Peter was born and educated to first degree standard in the UK. He gained a private pilot license in 1970. His career spans aerial photography, corporate communication and management development. After emigrating to Australia in 2001 he ran his own company providing small light aircraft to farmers, flying schools and private clients. Recently he took up commercial drone flying – which combines his love of photography and views from the sky. He currently lives in Melbourne with his artist partner.

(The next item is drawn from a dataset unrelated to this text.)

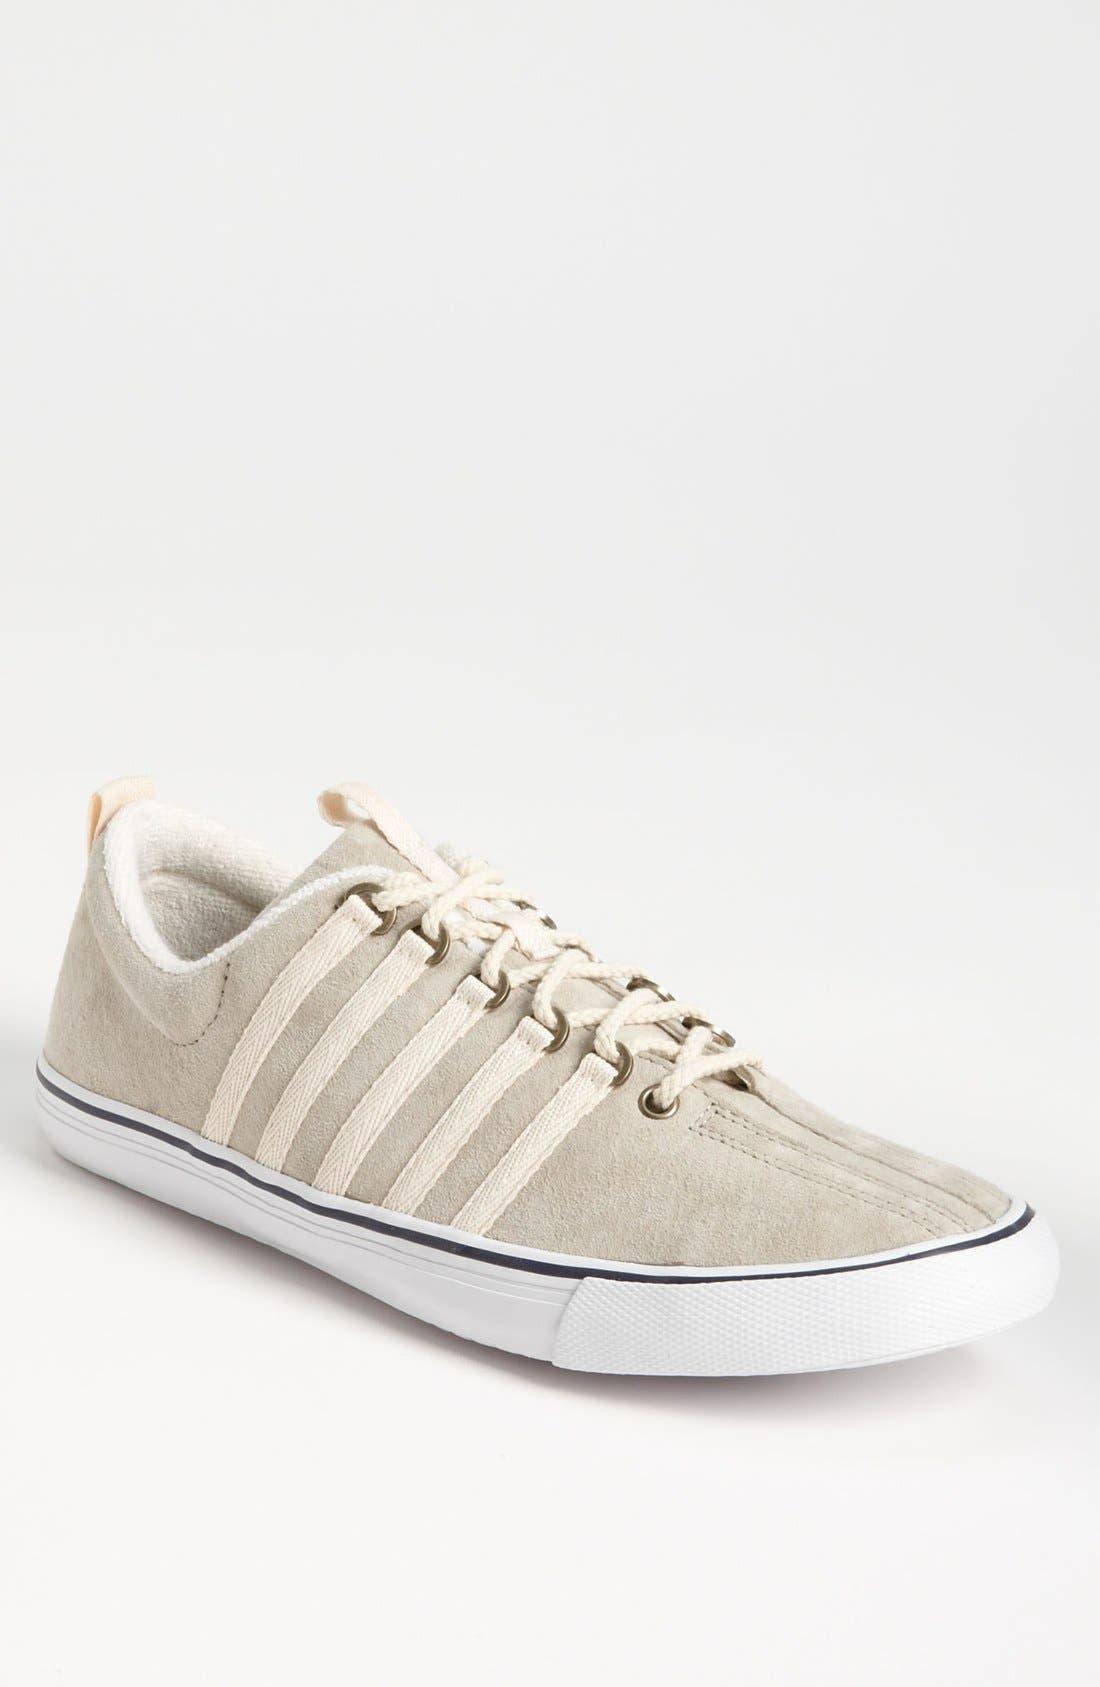 Alternate Image 1 Selected - K-Swiss 'Billy Reid Venice' Suede Sneaker (Men)
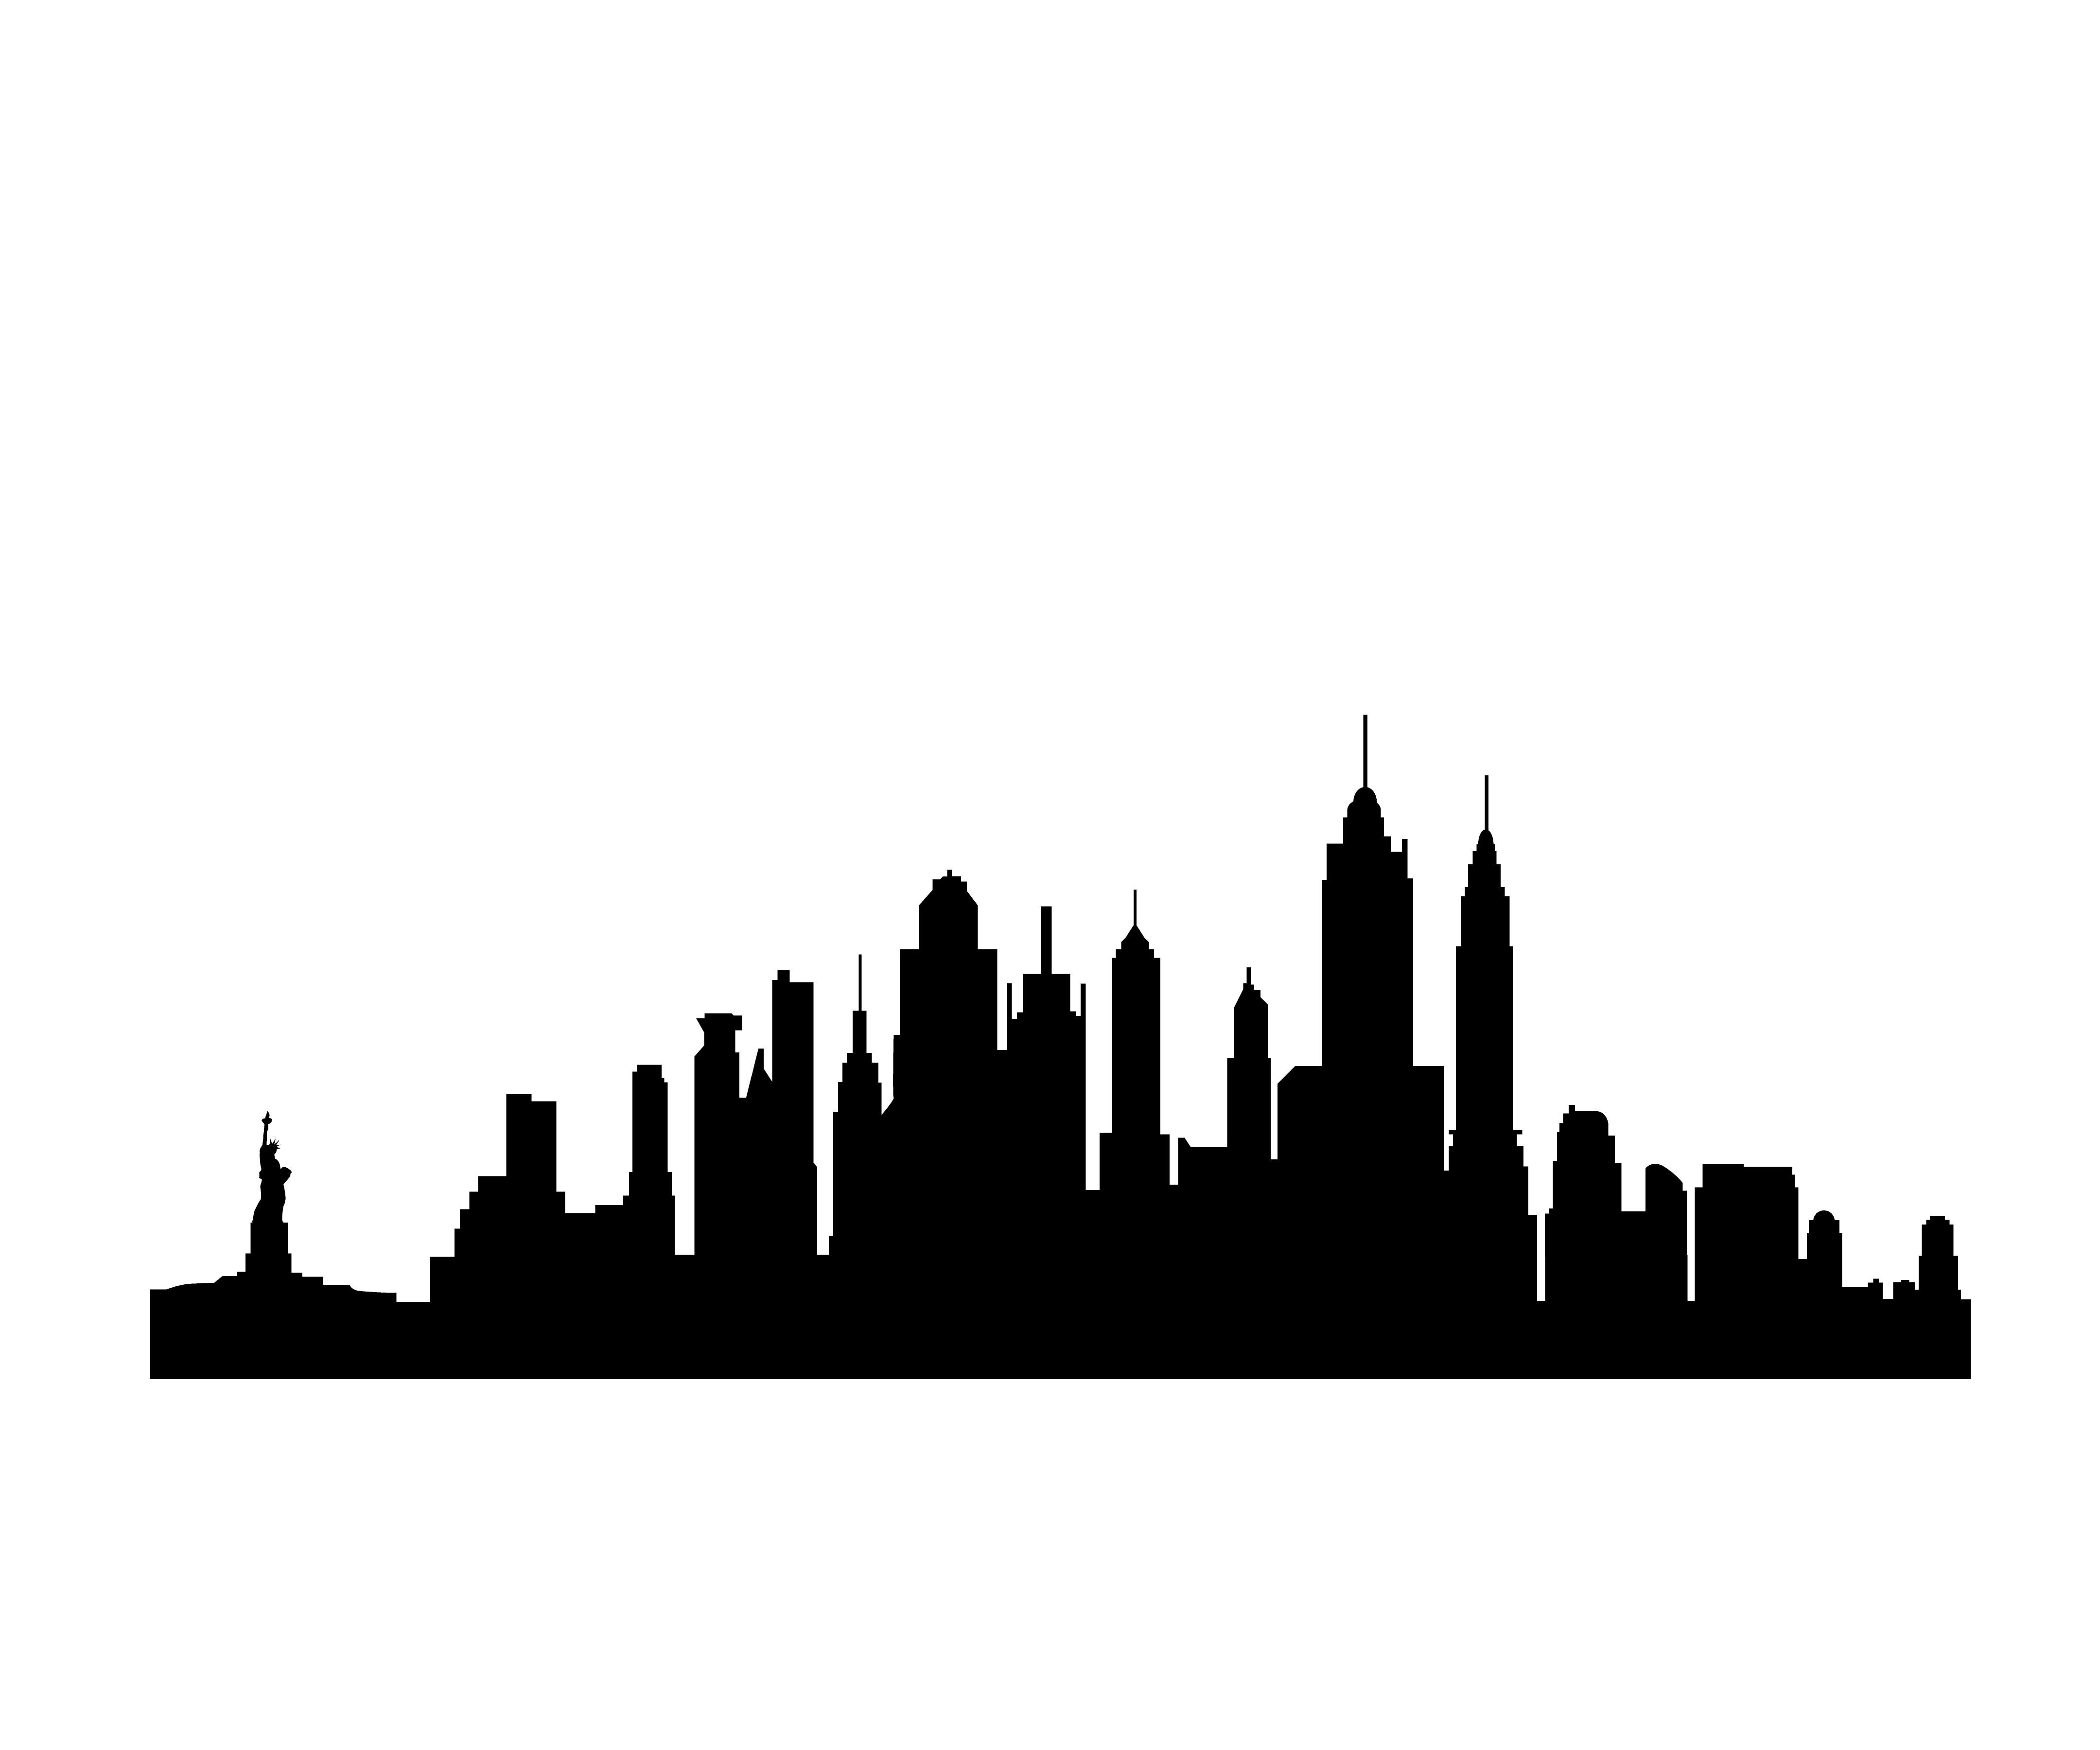 13 Free Clip Art New York City Skyline S-13 Free Clip Art New York City Skyline Silhouette Free Cliparts That-0

As a photographer, I have always been fascinated by the interplay of light, shadows and shapes that exist in both the natural and human-made world. For many years, as a pilot I saw the landscape from a small aeroplane. With the advent of drone technology, which enables the camera platform to remain static and fly much closer to the surface, I can now explore the landscape from new angles and perspectives, capturing images that were impossible from an aeroplane.

Artist statement:
One of the key elements of abstract art is the process of abstraction, where artists take familiar objects and break them down into their essential components. Similarly, my photographs capture landscapes from above, abstracting the natural world into a series of shapes, colours and textures that are sometimes quite different from their original form.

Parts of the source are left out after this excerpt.